American multi-genre writer, and multimedia artist and performer

Carl Hancock Rux (/ˈrʌks/) is an American poet, playwright, singer-songwriter, novelist, and essayist, as well as an installation artist working in diverse multimedia. His work includes sound and image installation, photography, and performative lectures. He is the author of a collection of poetry, Pagan Operetta; a novel, Asphalt; and the play Talk. Rux has been published as a contributing writer in numerous journals, catalogs, anthologies, and magazines, including Interview magazine, Essence magazine, the New York Times, the Los Angeles Times, Iké Udé's aRude Magazine, Nka: Journal of Contemporary African Art (founded by fellow art critics Okwui Enwezor, Chika Okeke-Agulu and Salah Hassan) and American Theatre (magazine), among others. Rux's writings and monographs on visual art include essays on the work of conceptual artist Glenn Ligon ( I Stand in My Place With My Own Day Here: Site-Specific Art at The New School, edited by Frances Richards with a foreword by Lydia Matthews and introduction by Silvia Rocciolo and Erik Stark); the introduction for Nick Cave’s Until; and the Guggenheim Museum’s Carrie Mae Weems retrospective.

Rux is also a singer-songwriter who has released several albums, singles, and mixtapes since his major-label debut, Rux Revue, released by Sony 550 Music. His recording career has encompassed jazz, electronic music, rock,experimental music. Among his most notable collaborators are electronic musicians DJ Spooky, Jeff Mills, David Holmes, Geoff Barrow of Portishead, and Afrobeat drummer Tony Allen; rock musicians Nona Hendryx, Vernon Reid, Meshell Ndegeocello, and Rob Marshall (formerly of Exit Calm); and jazz artists Randy Weston, Mal Waldron, Leroy Jenkins, Gerald Clayton, and James Brandon Lewis.

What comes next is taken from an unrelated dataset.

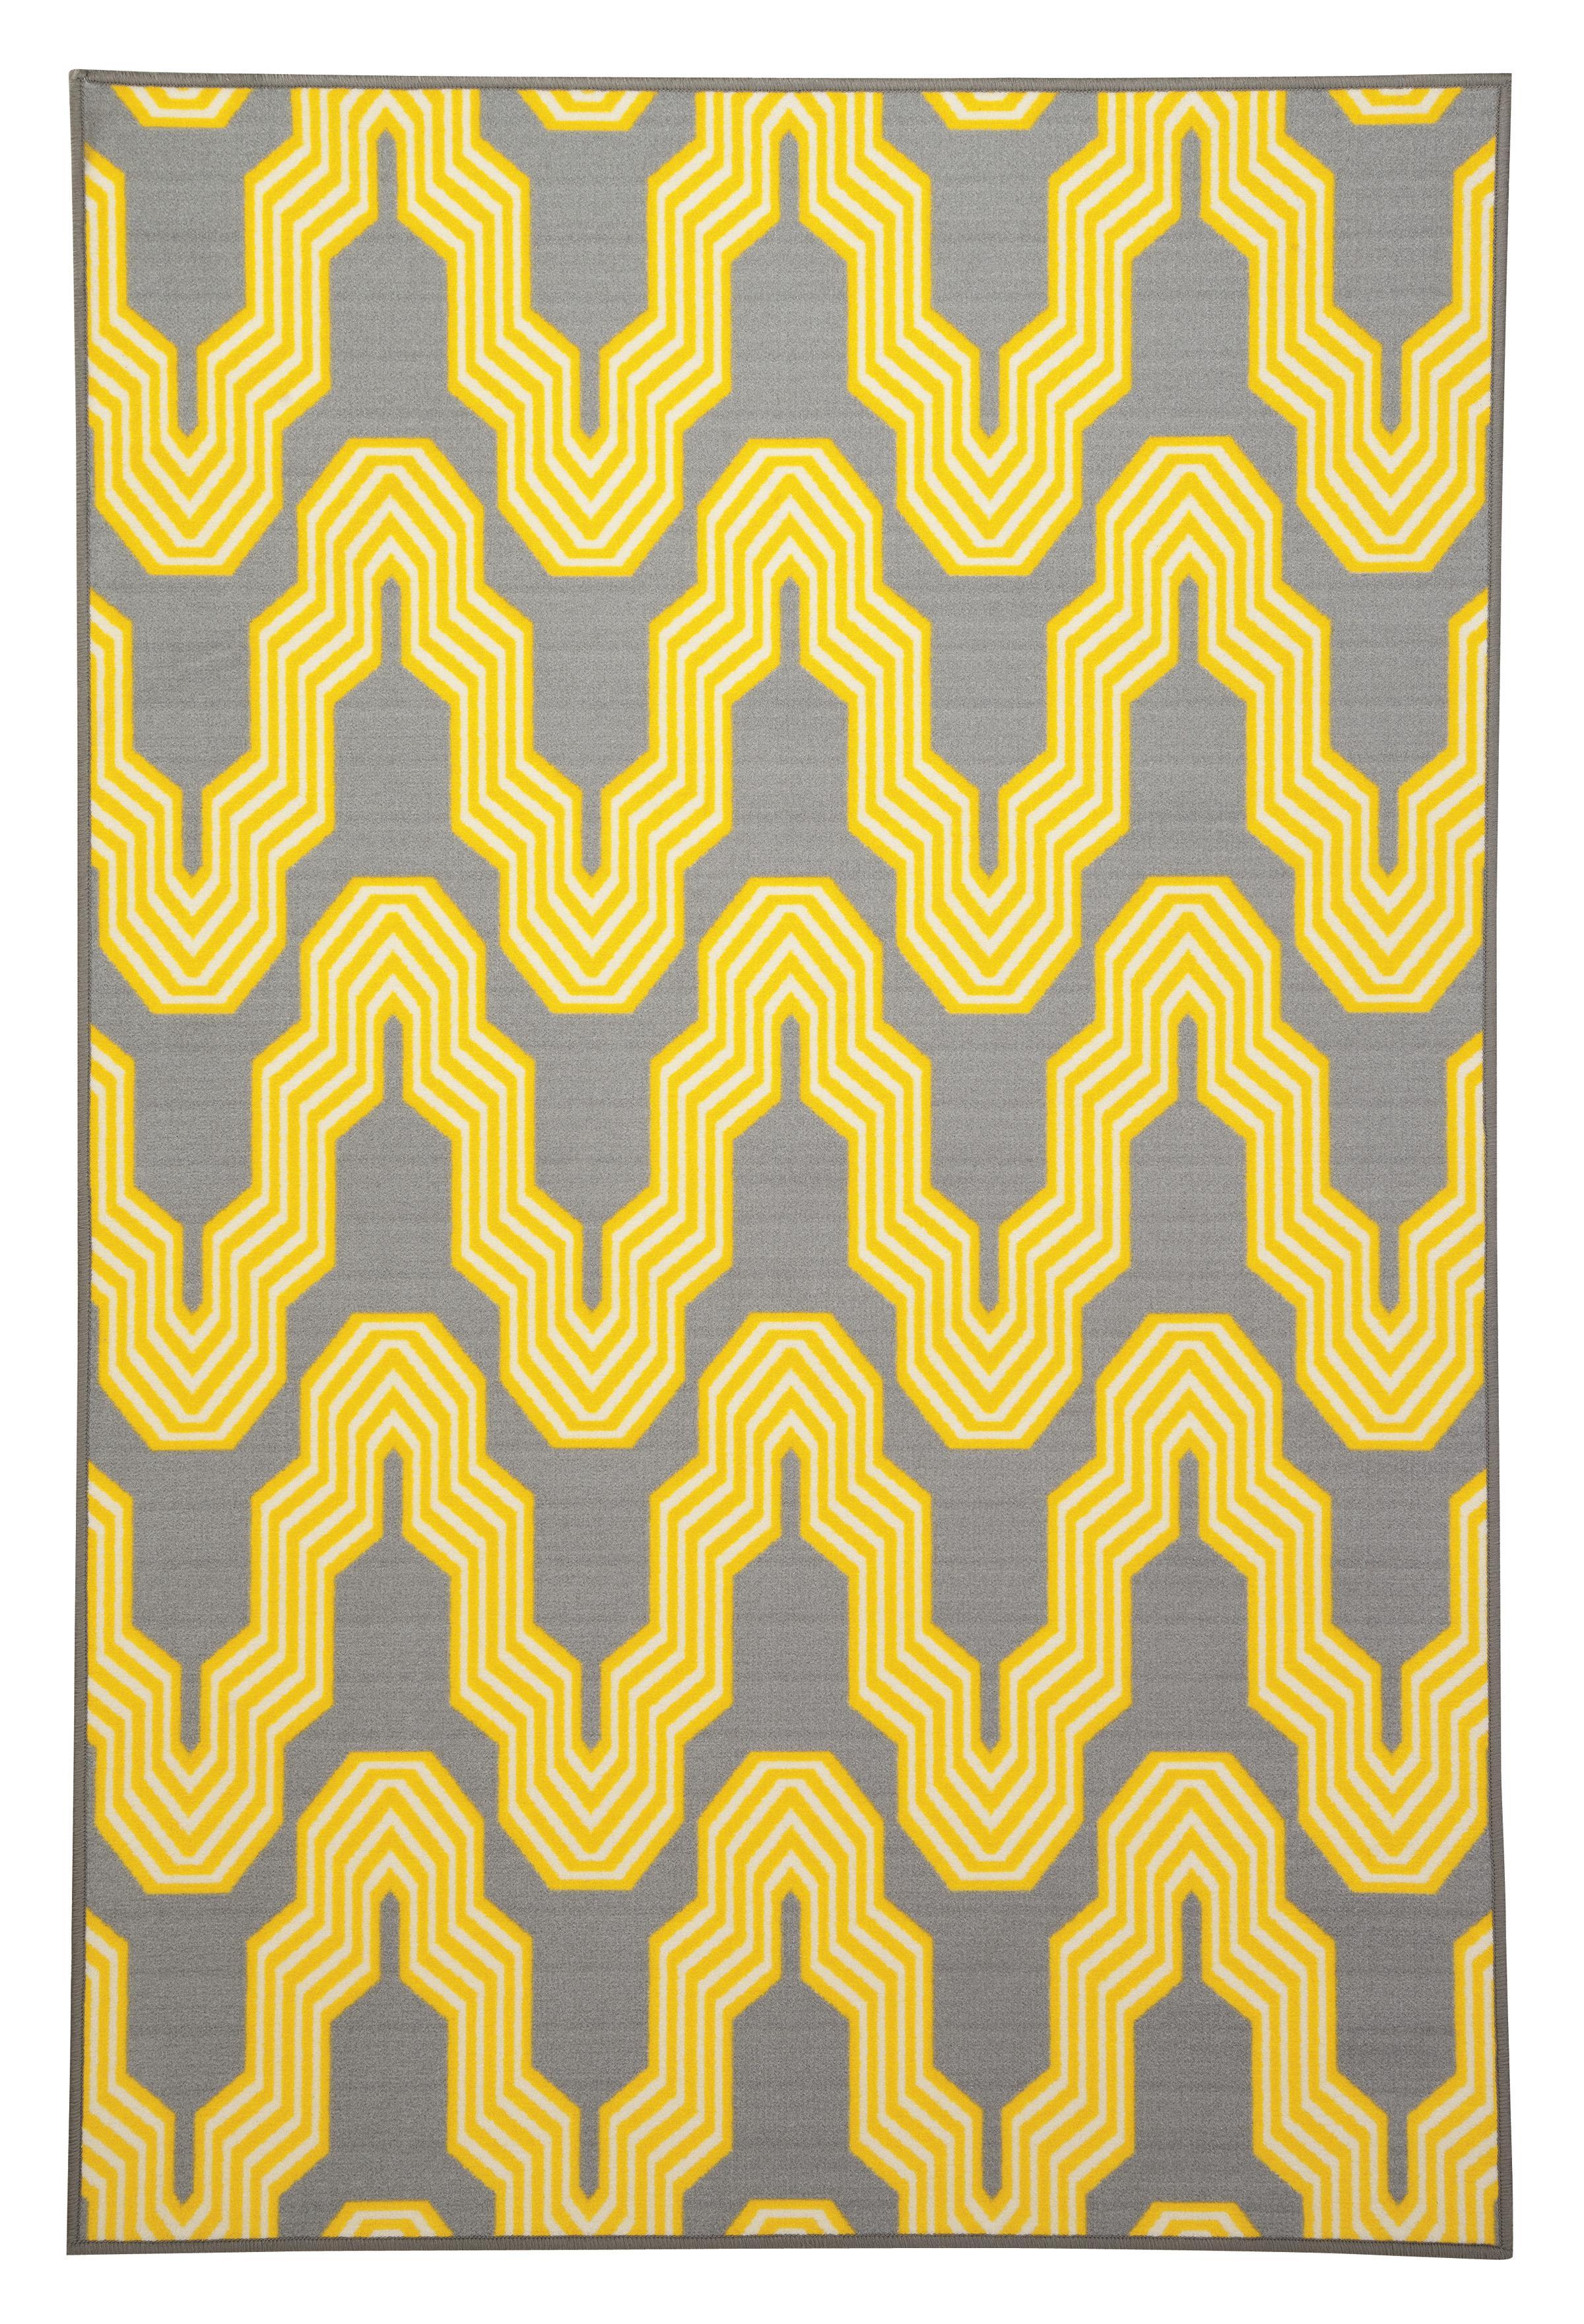 Signature Design by Ashley Transitional Area Rugs Nimat Yellow Medium Rug - Item Number: R326002

Trained as a visual artist, Rux's mixed media works (with frequent collaborator, visual artist and sculptor, Dianne Smith) have been included in the Uptown Triennale at the Miriam and Ira D. Wallach Art Gallery; as well as Park Avenue Armory. He is a recurrent collaborator with artist Carrie Mae Weems on several of her live performance exhibitions, presented at the Spoleto Festival USA, Yale Repertory Theater, London's Serpentine Gallery, the Frieze Art Fair, the Kennedy Center and other venues.

Rux has held faculty positions at notable institutions including Brown University, The New School for Social Research, Yale University, The University of Iowa and is the former Head of the MFA Writing for Performance Program at CalArts.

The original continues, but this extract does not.